I have storageServersPerPod set to 2 which gives me 12 storage processes spread across 6 pods.

When I attempt to upgrade from 7.1.21 → 7.1.27 the operator 1.4.0 [CORRECTION: 1.14.0] gets stuck with the following message:
"expected 25 processes, got 31 processes ready to restart" as the reason for delaying the upgrade; it never gets beyond this.

Some brief maths later and i found that the 25 was the number of pods i had running, and 31 was the number of processes I had running, the additional 6 being the doubled up storage nodes.

The code that is causing the upgrade to wait indefinitely is the following:

It looks like it’s expecting the total number of addresses to neatly align with the exact process count, but in my case I have more ready processes than expected!

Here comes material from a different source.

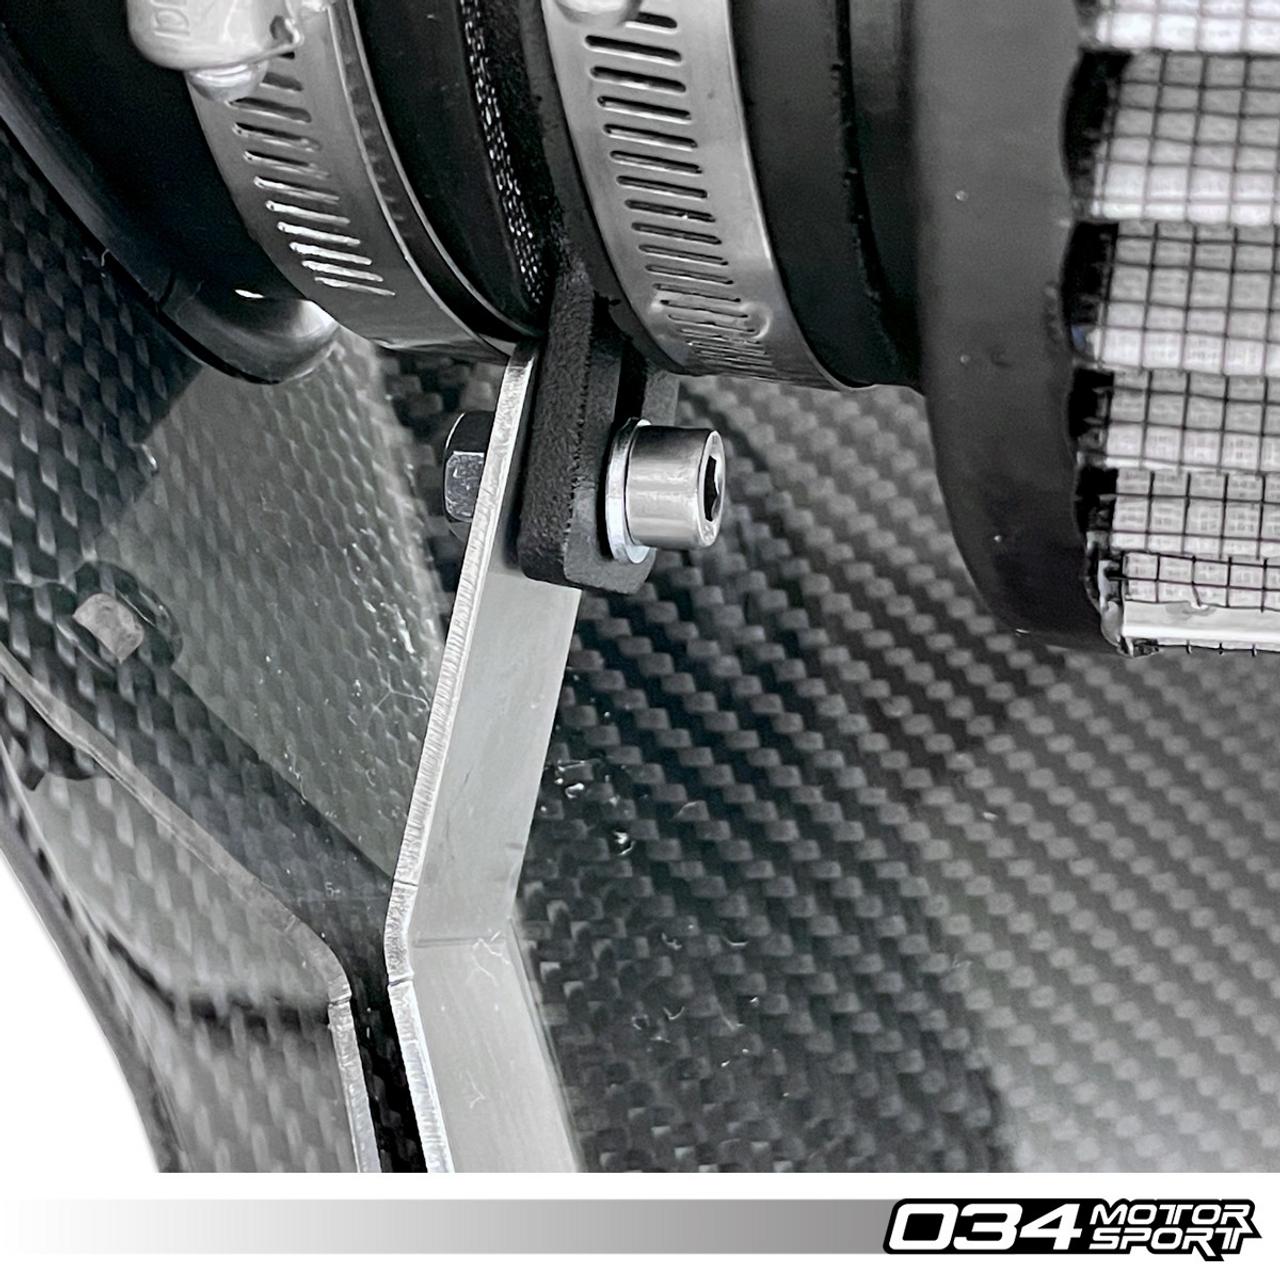 X34 Carbon Fiber Intake - Audi B8/B8.5 S4/S5 3.0TFSI

I reduced storageServersPerPod to 1 successfully, which brought the address count down to exactly 25 and the upgrade immediately progressed. Afterwards I scaled in again afterwards back to 2 per pod, which was a feasible workaround.

Thanks for reporting that issue! The operator version 1.4.0 should work without any issues, as the check is not present there. For the operator version 1.14.0 and newer you are right, the counts.Total() method doesn’t take the storageServersPerPod into account.I open a GitHub issue for that and we should be able to fix that soon.

Created this issue: Upgrade blocked when storageServersPerPod > 1 · Issue #1535 · FoundationDB/fdb-kubernetes-operator · GitHub

JFYI: We have a fix for this bug: Fix upgrade logic for multiple storage server per Pod by johscheuer · Pull Request #1538 · FoundationDB/fdb-kubernetes-operator · GitHub. Thanks again for reporting!